Tocilizumab (Actemra®) is approved for the treatment of adults and pediatric patients 2 years of age and older with chimeric antigen receptor (CAR) T cell-induced severe or life-threatening cytokine release syndrome (CRS). You can read more about this drug here.
Which CAR T-cell therapy is approved by FDA for mantle cell lymphoma? ›USFDA has approved brexucabtagene autoleucel (Tecartus, KTE-X19), a novel CAR T-cell therapy to be used in patients with MCL who have not responded to previous treatments or have relapsed. The FDA approved this new treatment depending on the outcomes of the ZUMA-2 clinical trial.
What was the first approved CAR T-cell therapy? ›
2002. The MSK team builds the first effective CAR T cells, targeted against a prostate cancer antigen. These second-generation CARs T cells are able to survive, proliferate, and kill prostate cancer cells in the lab, establishing the feasibility of CAR T cell therapy. An even more promising CAR target lay ahead.
Is CAR T-cell therapy FDA approved for lymphoma? ›CAR T-cell therapies are FDA approved for: Aggressive relapsed or refractory large B-cell lymphoma including diffuse large B cell lymphoma (DLBCL), primary mediastinal B-cell lymphoma, and transformed follicular lymphoma. Relapsed or refractory mantle cell lymphoma. Relapsed or refractory follicular lymphoma.
How successful is CAR-T therapy? ›What is the success rate of CAR T-cell therapy? In studies, 9 out of 10 people with acute lymphoblastic leukemia whose cancer didn't respond to other treatments or whose cancer came back had full remission with CAR T-cell therapy. Remission means the cancer can't be detected in tests.
How many people have been treated with CAR-T therapy? ›Since 2017, when CAR (chimeric antigen receptor)-T cells were green-lighted as the first modified therapeutic cells by the Federal Drug Administration (FDA) to treat leukemia, five similar products have since been approved and more than 20,000 people have been treated with this game-changing immunotherapy.
What is one major side effect of CAR T therapy? ›While the therapy can lead to long-lasting remissions for some patients with very advanced cancer, it can also cause neurologic side effects such as speech problems, tremors, delirium, and seizures.
What does CAR T therapy require? ›CAR T-cell therapy is a form of immunotherapy that uses specially altered T cells — a part of the immune system — to fight cancer.

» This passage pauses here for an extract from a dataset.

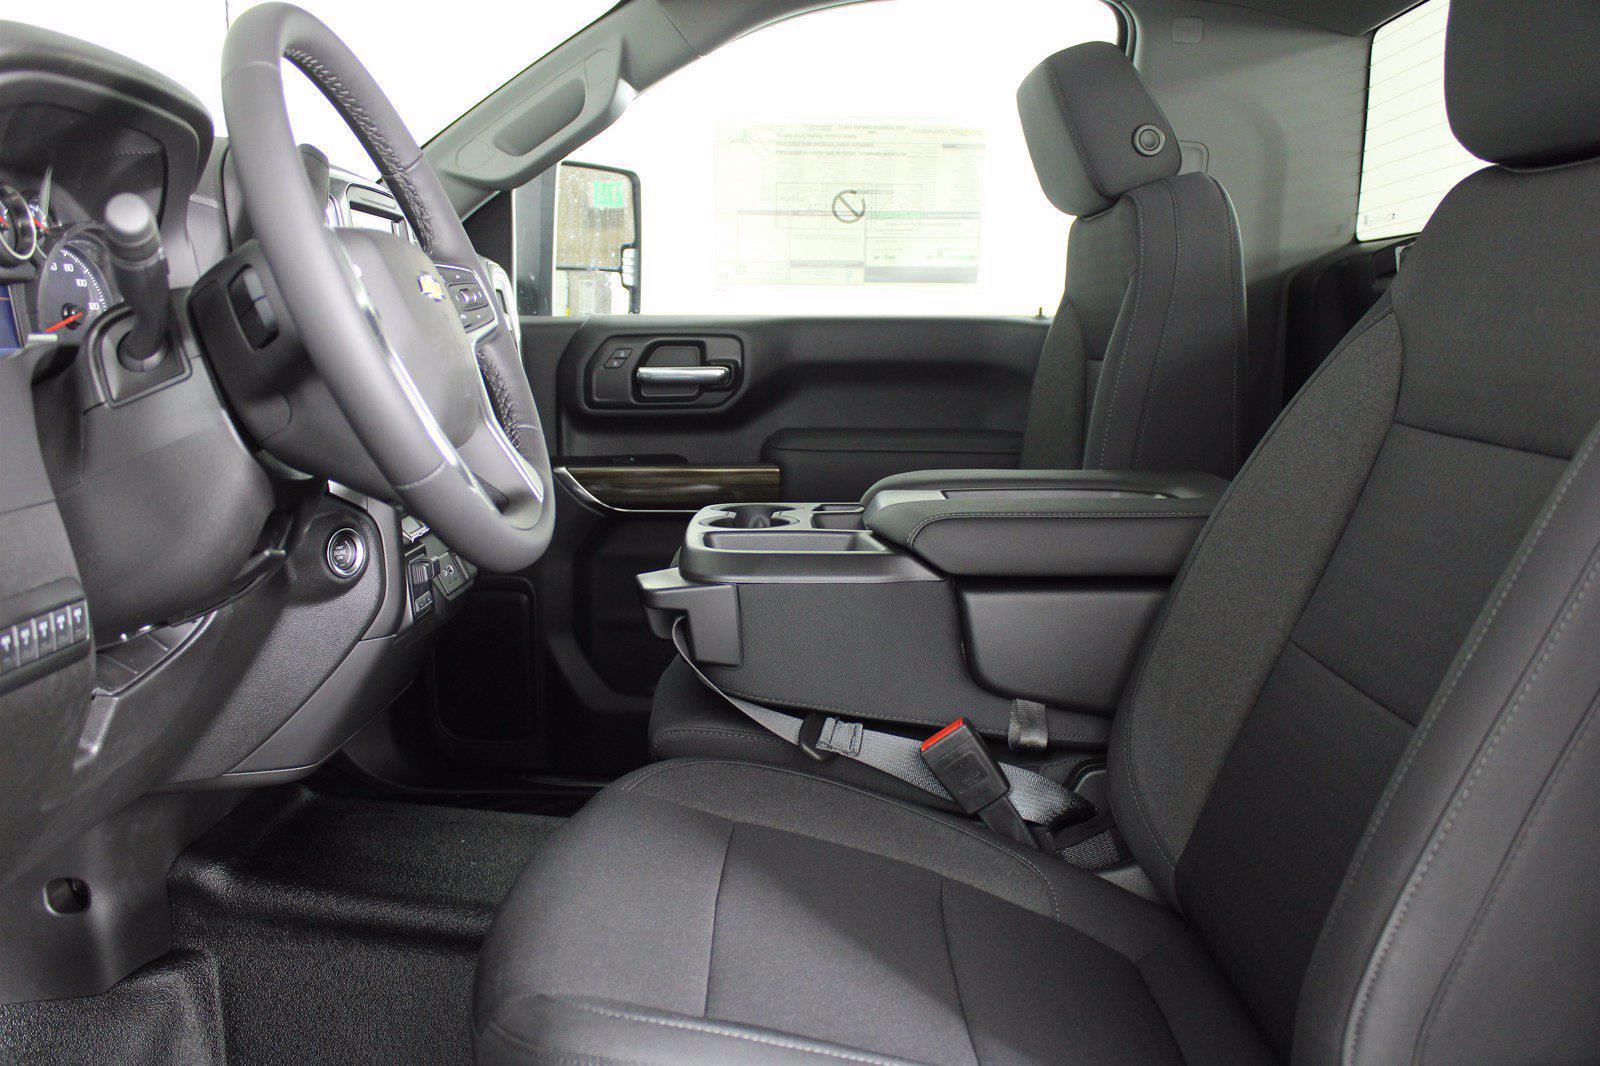 2022 Silverado 2500 Regular Cab 4x4,  Pickup #D120035 - photo 15

A sample of a patient's T cells are collected from the blood, then modified to produce special structures called chimeric antigen receptors (CARs) on their surface.

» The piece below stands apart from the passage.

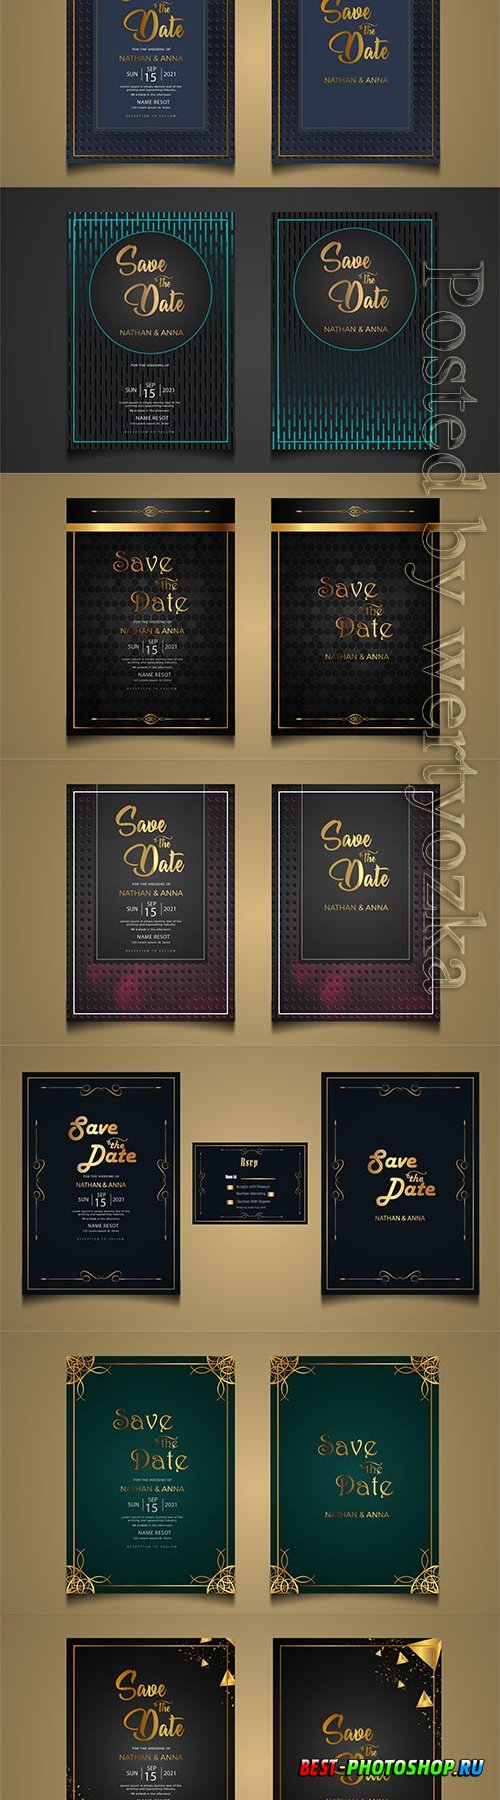 Set collection luxury modern wedding invitation vector card template

What are the disadvantages of CAR T-cell therapy? ›A major hurdle to CAR-T cell therapy is severe toxicities. The most common toxicities following infusion of CAR-T cells are CRS, neurologic toxicity, tumor lysis syndrome (TLS), on-target-off-tumor effects, anaphylaxis, and hematologic toxicities (19, 86, 87) ( Figure 4 ).

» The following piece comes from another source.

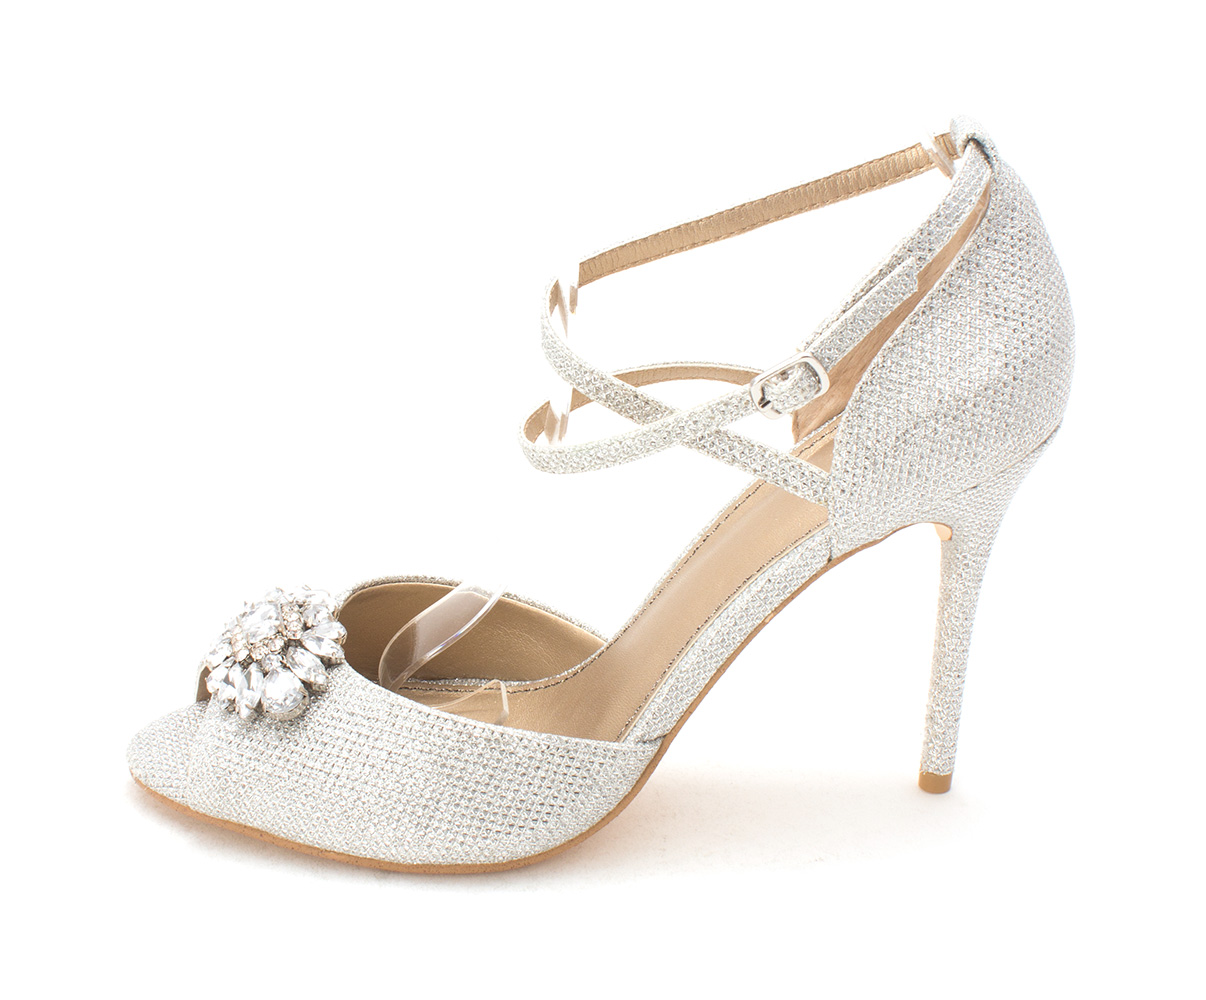 Belle Womens okra Open Toe Ankle Strap Classic Pumps silfab Size 8.0

What type of cancers does CAR T-cell therapy treat? ›The types of cancer that are currently treated using CAR T-cell therapy are diffuse large B-cell lymphoma (DLBCL), follicular lymphoma, mantle cell lymphoma, multiple myeloma, and B-cell acute lymphoblastic leukemia (ALL) in pediatric and young adult patients up to age 25.
What is new in CAR T-cell therapy? ›Solid tumor advances. Chimeric antigen receptor (CAR) T cell therapy has been an amazing advance for treating blood cancers like leukemia, lymphoma and multiple myeloma. Now, it is showing promise for solid tumors — from lung cancer to kidney cancer to bone cancer — as well.
What is the new FDA approved treatment for lymphoma? ›FDA has approved Epkinly (epcoritamab-bysp) injection for the treatment of adult patients with relapsed or refractory diffuse large B-cell lymphoma (DLBCL), not otherwise specified, including DLBCL arising from indolent lymphoma, and high-grade B‑cell lymphoma after two or more lines of systemic therapy.
Is CAR T-cell therapy available in the US? ›
Several CAR T cell therapies have been approved by the U.S. Food and Drug Administration (FDA). All approved products use T cells taken from the patient. Some clinical trials use T cells taken from donors.